_EXERCISE INSTRUCTIONS_:
Please retype the listing below exactly as it stands, skipping any pictures.

_INFORMATION PROVIDED_:
——————

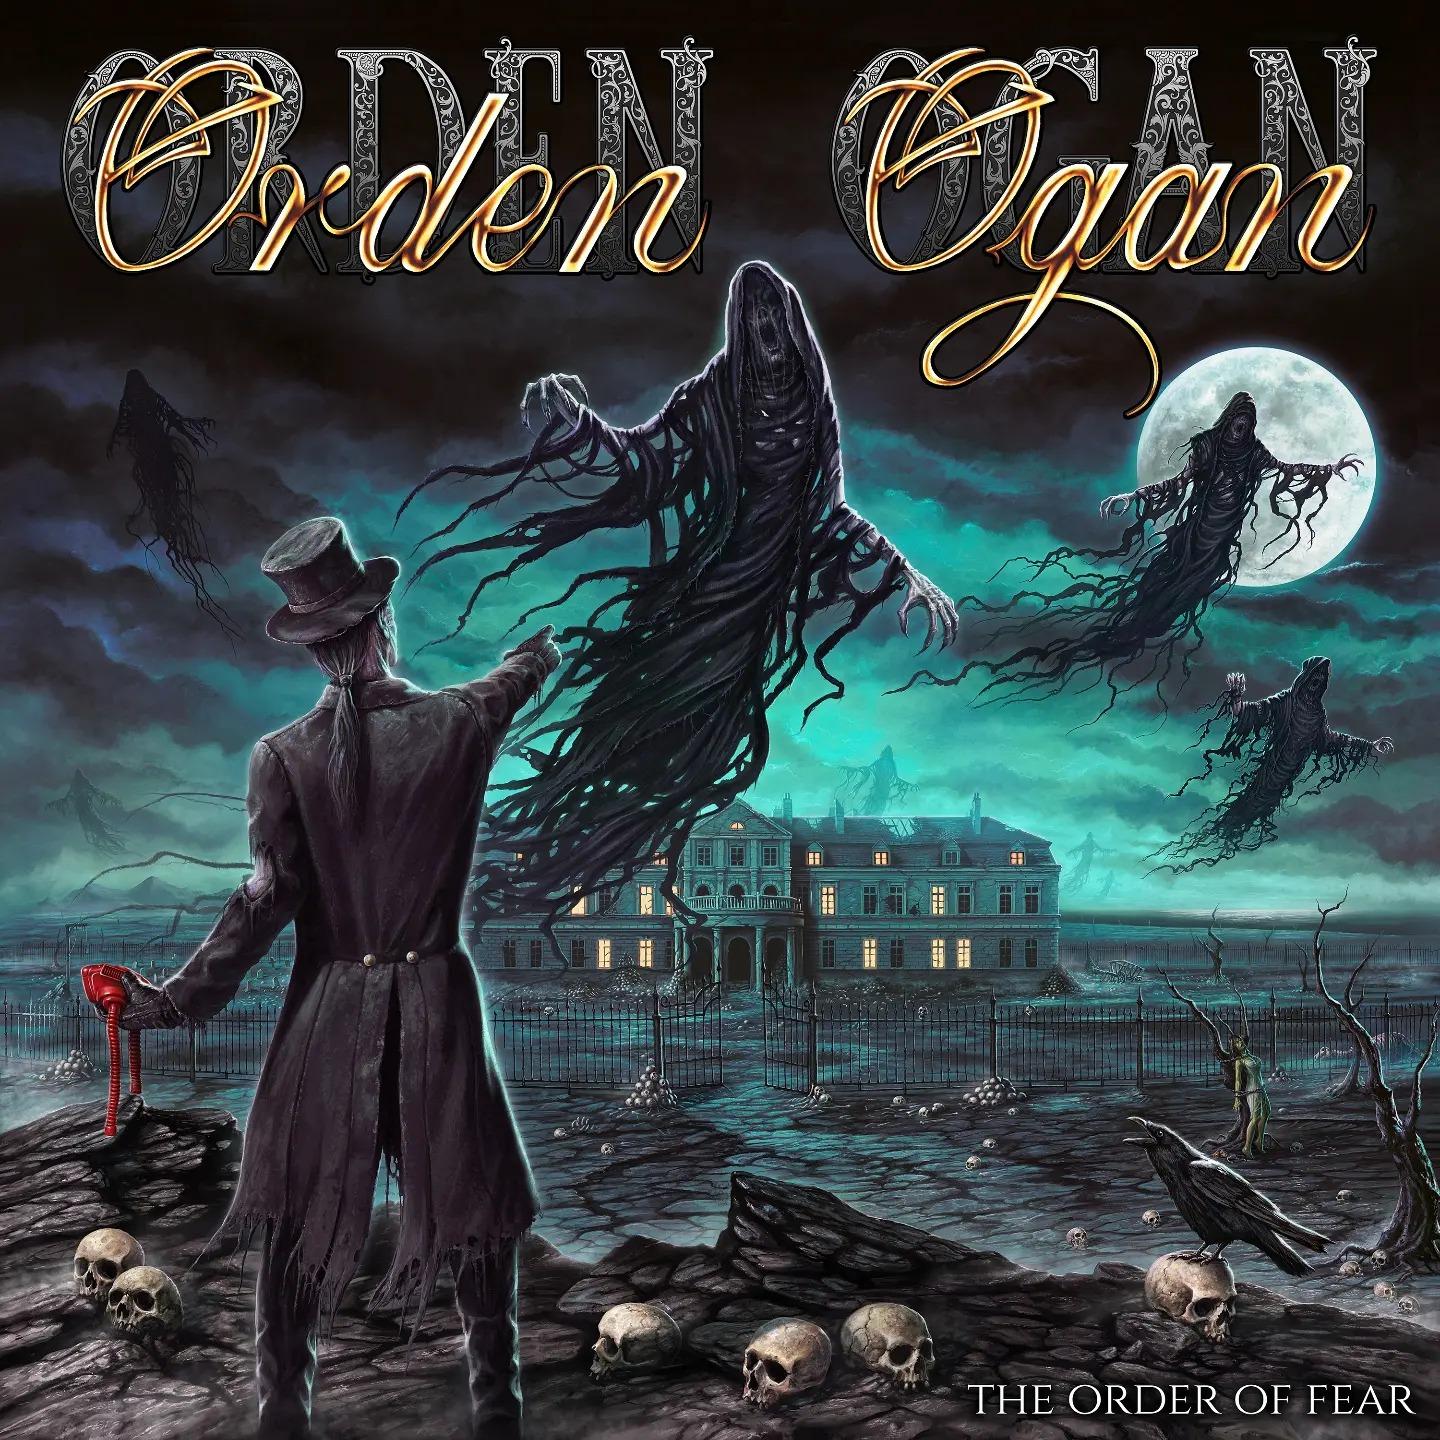 The order of fear artwork
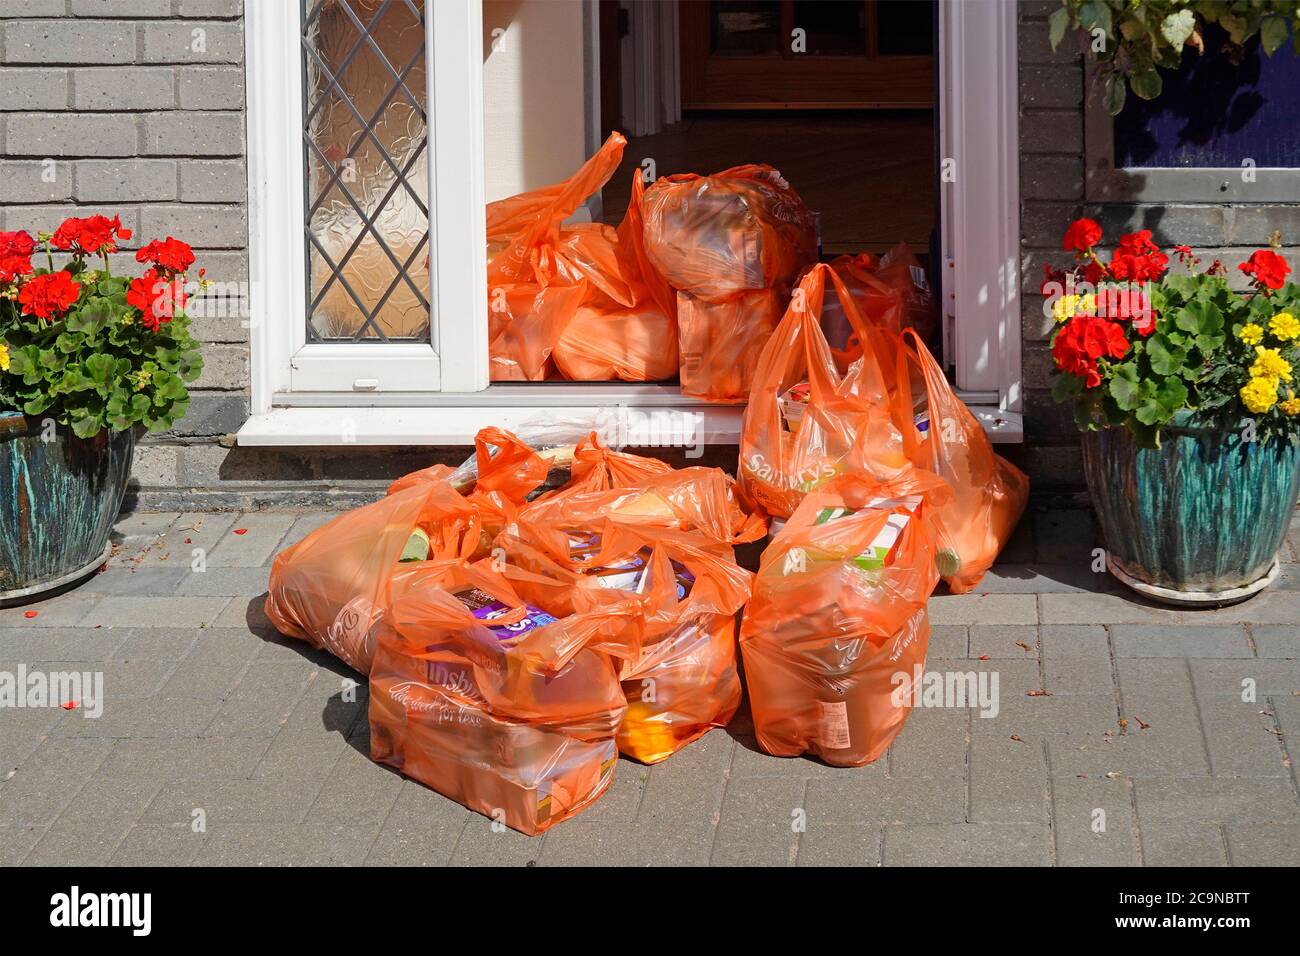 Sainsburys Covid 19 grocery food shopping bag left by delivery van driver bags moved later by customer into house & maintains social distance rules UK Stock Photo
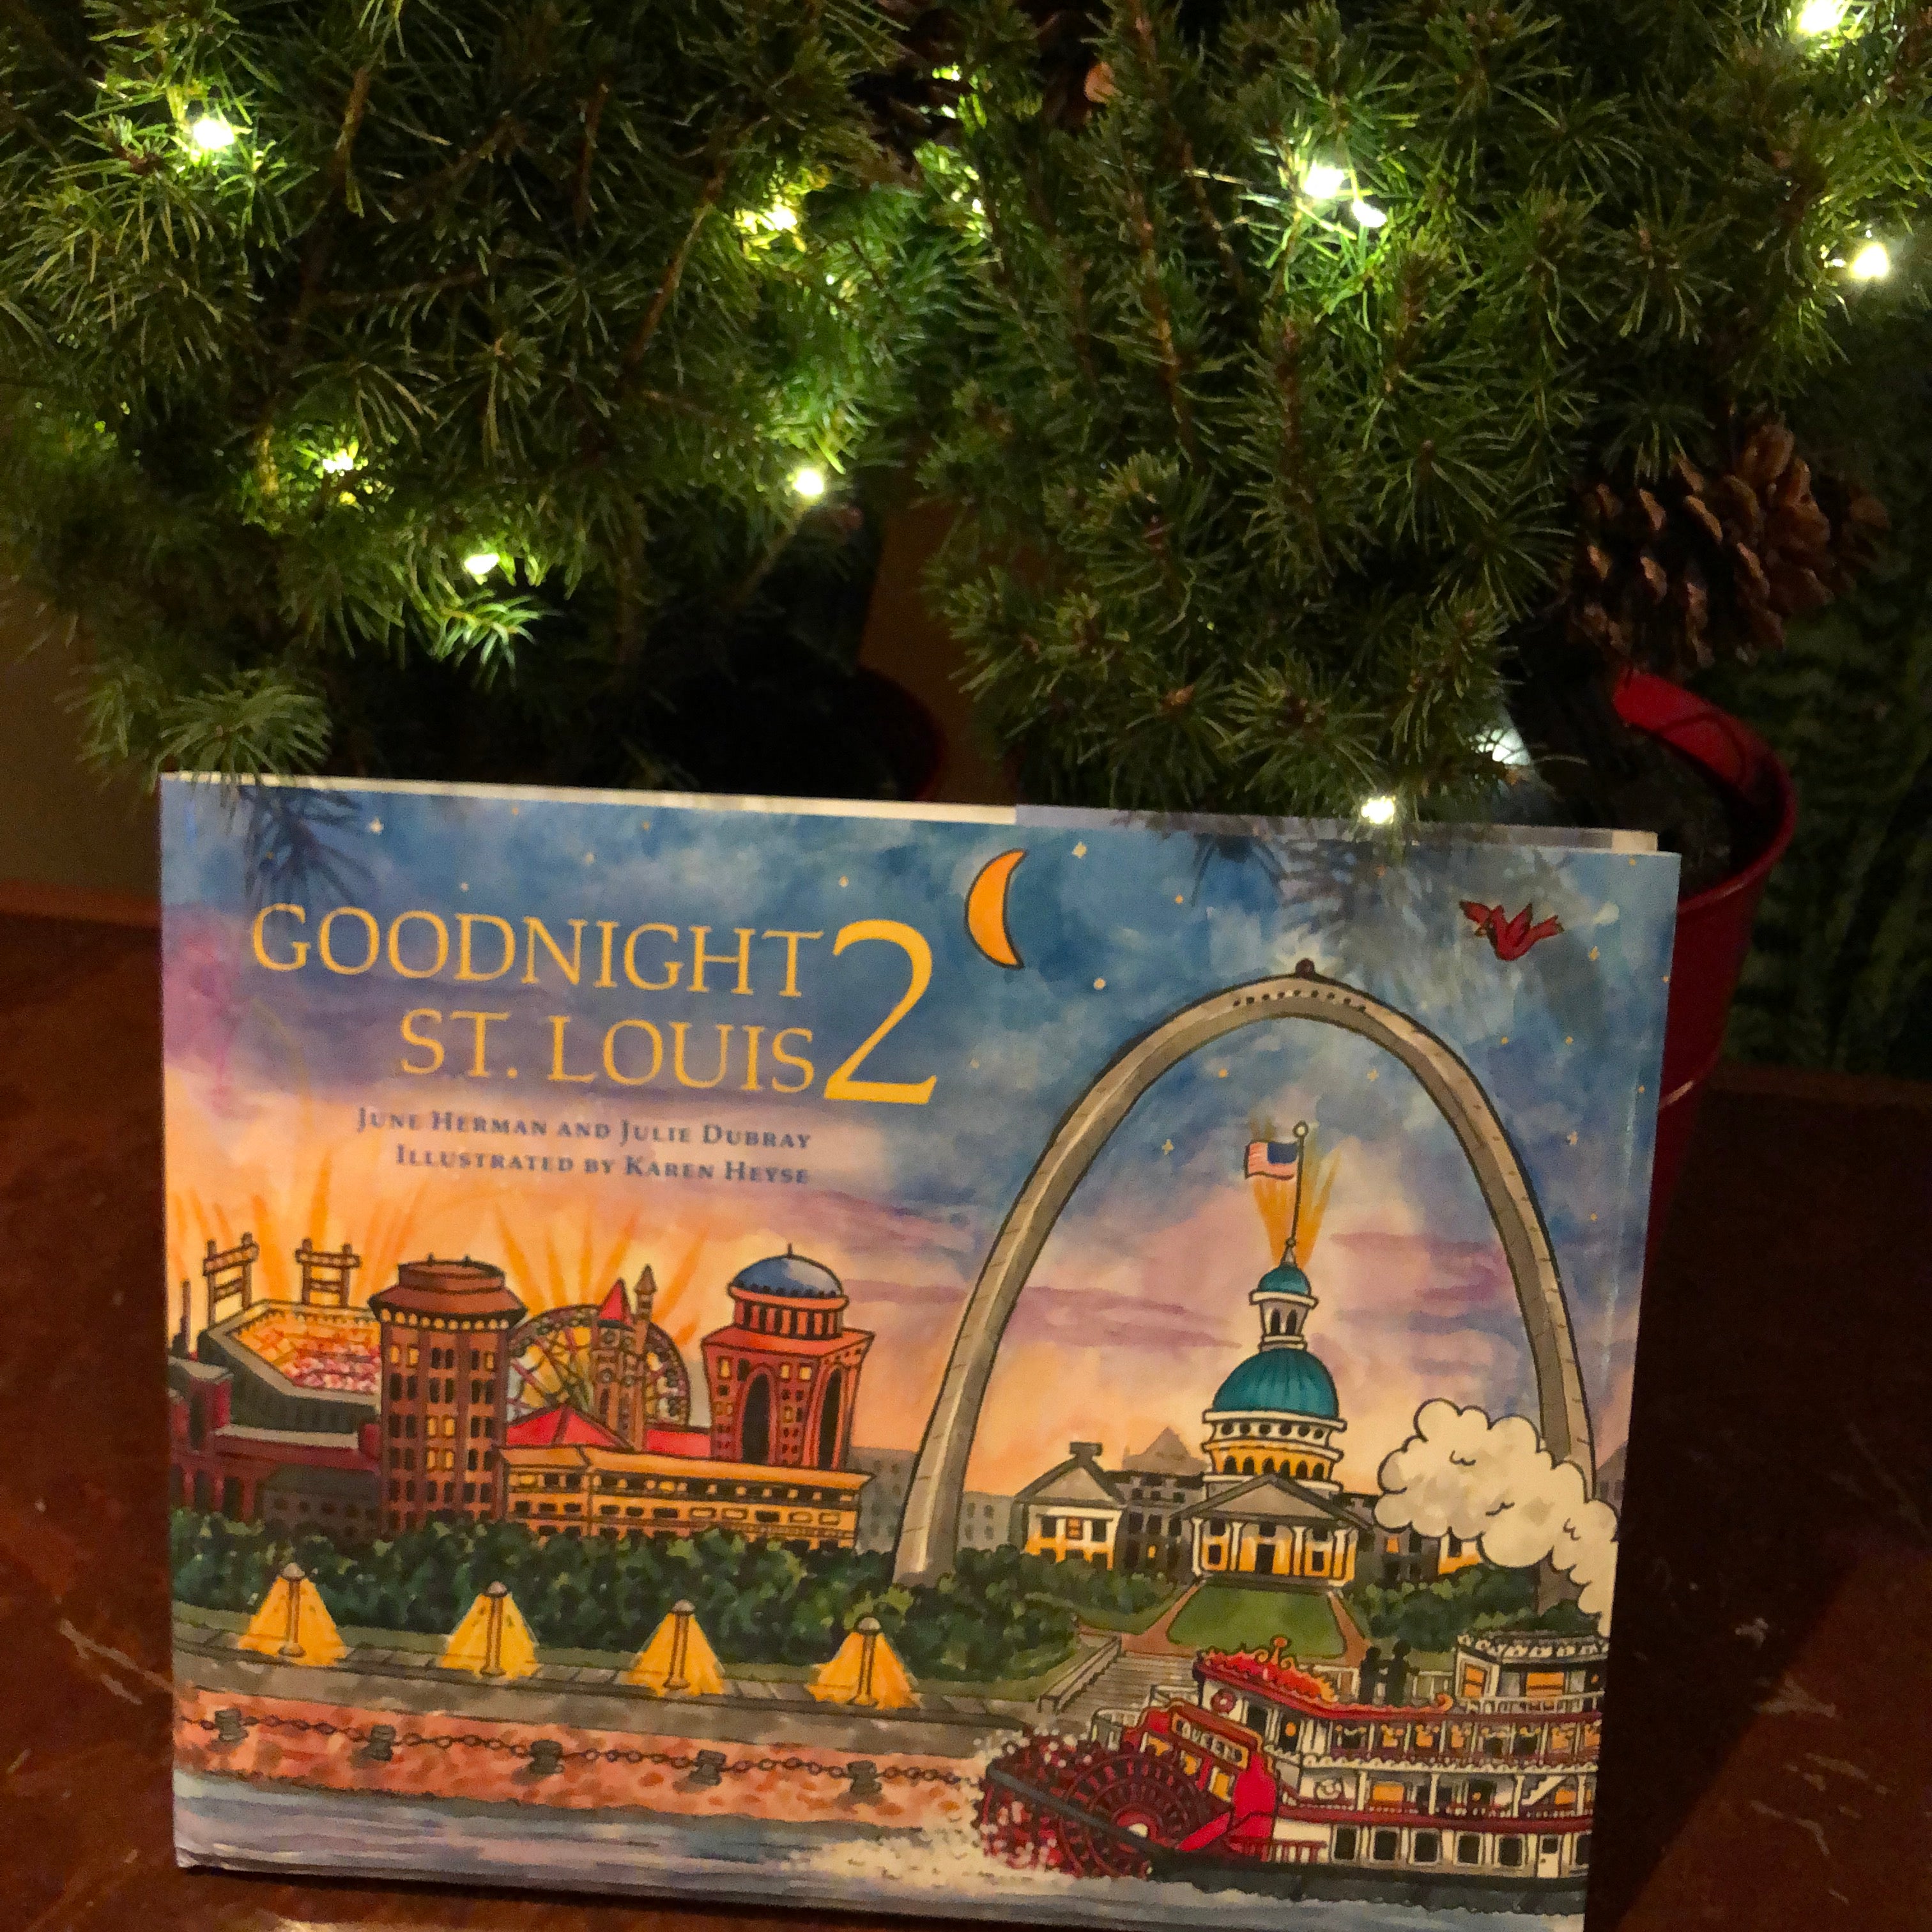 Shop Local--Goodnight 2 St Louis Fans!

——————

_ANSWER BOX_:
 The order of fear artwork
 Sainsburys Covid 19 grocery food shopping bag left by delivery van driver bags moved later by customer into house & maintains social distance rules UK Stock Photo
 Shop Local--Goodnight 2 St Louis Fans!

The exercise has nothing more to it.